Por Sixto Vladimir Marrero

Al formalizar una relación de noviazgo, todos hemos oído hablar del famoso anillo de compromiso, anhelado por las mujeres y causante de dolores de cabeza para muchos hombres.


Si nos adentramos en la tradición y el significado de este gesto, algunos habrán escuchado algún comentario, pero pocos conocerán su origen.


Esta costumbre se originó en Australia en 1947, cuando el Archiduque Maximiliano le entregó a Maria Bergoña un anillo de oro con un diamante como muestra de su amor.


Aunque se dice que en la antigüedad, los hombres romanos regalaban anillos a sus esposas como símbolo de unión y pertenencia.


Los componentes del anillo tienen un significado profundo: un aro de metal precioso, preferiblemente oro o plata, cuya forma circular simboliza que el amor prometido no tiene principio ni fin, y un diamante como signo de confianza, compromiso y eternidad.


Los diamantes son prácticamente indestructibles y duraderos. En 1947, el francés Gerety creó el eslogan más famoso del siglo XX: "Un diamante es para siempre".


Antiguamente, la novia recibía el anillo que se colocaba en el tercer dedo de la mano izquierda, creyendo que en él se encontraba la vena llamada "amoris", la vena del amor que corre directamente hacia el corazón.


Como respuesta al compromiso y a la propuesta, la novia solía regalar un reloj al novio, simbolizando que lo amaría todo el tiempo.

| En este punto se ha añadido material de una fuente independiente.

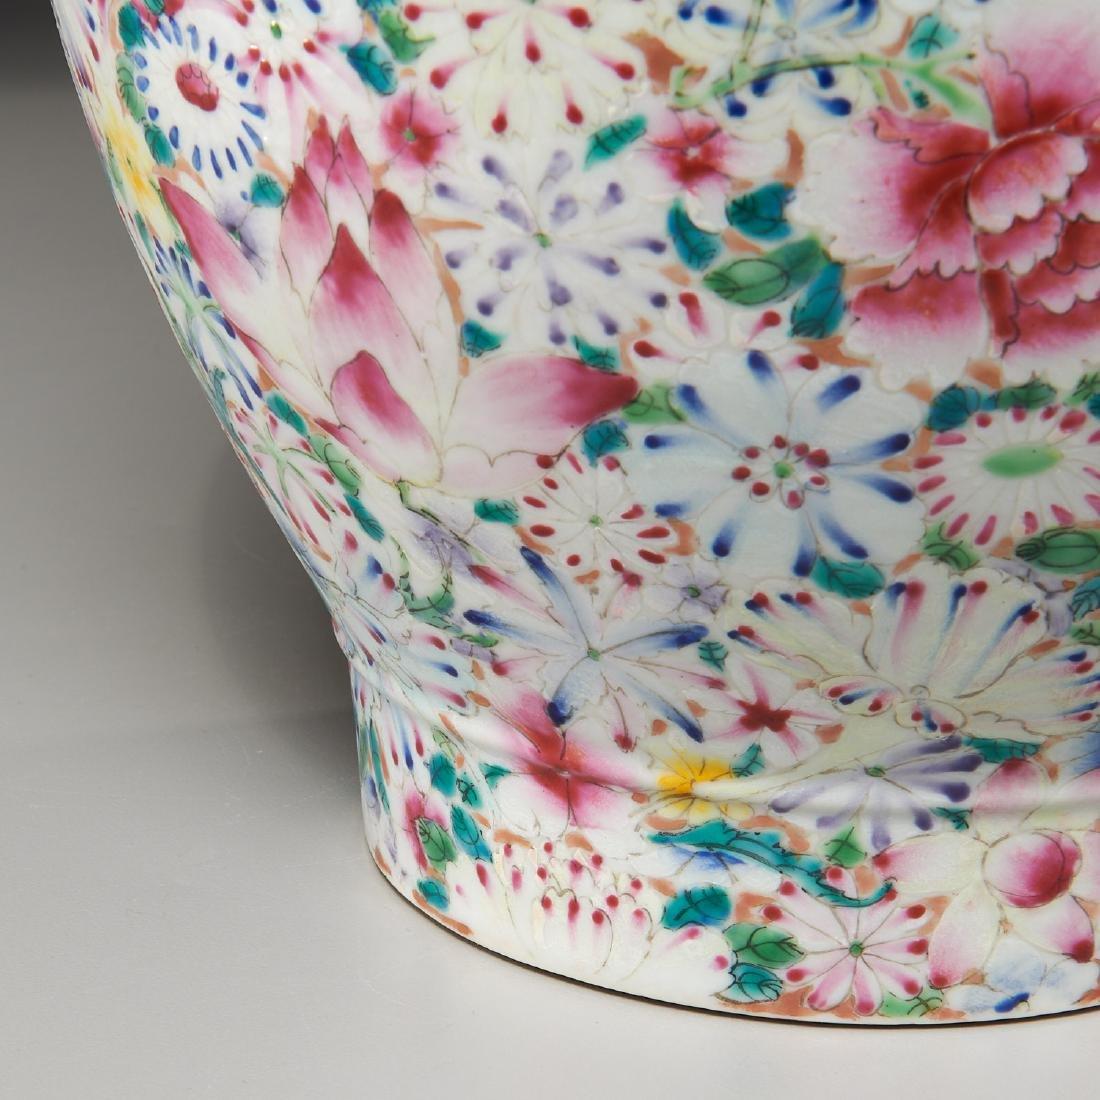 Chinese porcelain millefleurs vase - 3

Ahora nos planteamos: ¿El valor económico del anillo se traduce en el amor del novio por la novia? ¿Es necesario seguir una tradición que a menudo nos endeuda para que las mujeres sientan la emoción de la felicidad?


Si profundizamos en este tema, cada persona tendrá su punto de vista, ya sea considerando que el amor no se compra y debe ser auténtico, o deseando mantener la tradición que encierra cierto romanticismo. Sin embargo, pienso que el amor debe ser genuino, sin importar los objetos materiales, y que un anillo no marca la diferencia ni garantiza un amor eterno.